Whether it uses this implementation or not, the library can provide a function satisfying these mathematical properties.

Naming

The name lerp is very widely used in the graphics community (including animation and gaming), although in some uses t is restricted to [0,1].

Wording

Relative to N4727.

Midpoint

Add to the end of the synopsis in [numeric.ops.overview]:

  // 29.8.14, least common multiple
  template<class M, class N>
    constexpr common_type_t<M,N> lcm(M m, N n);

  constexpr A midpoint(A a, A b) noexcept; // A arithmetic
  template<class T>
    T* midpoint(T* a, T* b);

}

Add a new subsection after [numeric.ops.lcm]:

29.8.15 Midpoint

constexpr A midpoint(A a, A b) noexcept;
  1. Returns: Half the sum of a and b. No overflow occurs. If A is an integer type and the sum is odd, the result is rounded towards a. If A is a floating-point type, at most one inexact operation occurs.
  2. Remarks: An overload exists for each of char and all arithmetic types except bool being A.
template<class T>
  constexpr T* midpoint(T* a, T* b);
  1. Requires: a and b point to, respectively, elements x[i] and x[j] of the same array object x [ Footnote: An object that is not an array element is considered to belong to a single-element array for this purpose; see [expr.unary.op]. A pointer past the last element of an array x of n elements is considered to be equivalent to a pointer to a hypothetical element x[n] for this purpose; see [basic.compound]. — end footnote ].
  2. Returns: A pointer to x[i+(j-i)/2], where the result of the division is truncated towards zero.

Linear interpolation

Add to the synopsis in [cmath.syn]:

long double fmal(long double x, long double y, long double z);

// 29.9.4, linear interpolation
constexpr F lerp(F a, F b, F t); // F floating-point

// 29.9.4, classification / comparison functions

Add a new subsection after [c.math.hypot3]:

29.9.4 Linear interpolation

constexpr F lerp(F a, F b, F t);
  1. Returns: a+t(b-a).
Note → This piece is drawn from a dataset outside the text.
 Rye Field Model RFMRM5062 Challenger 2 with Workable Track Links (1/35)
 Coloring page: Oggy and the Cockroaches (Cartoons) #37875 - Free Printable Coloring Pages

If no argument isnan and (where they appear below) isfinite(a) and isfinite(b), the result satisfies these conditions:
    1. !isfinite(t) && b-a==0 || !isnan(lerp(a,b,t))
    2. t<0 || t>1 || isfinite(lerp(a,b,t))
    3. lerp(a,b,0)==a && lerp(a,b,1)==b
    4. lerp(a,a,t)==a
    5. The product of CMP(lerp(a,b,t2),lerp(a,b,t1)), CMP(t2,t1), and CMP(b,a) is non-negative, where CMP(x,y) is 1 if x>y, −1 if x<y, and 0 otherwise.
  2. Remarks: An overload exists for each floating-point type being F.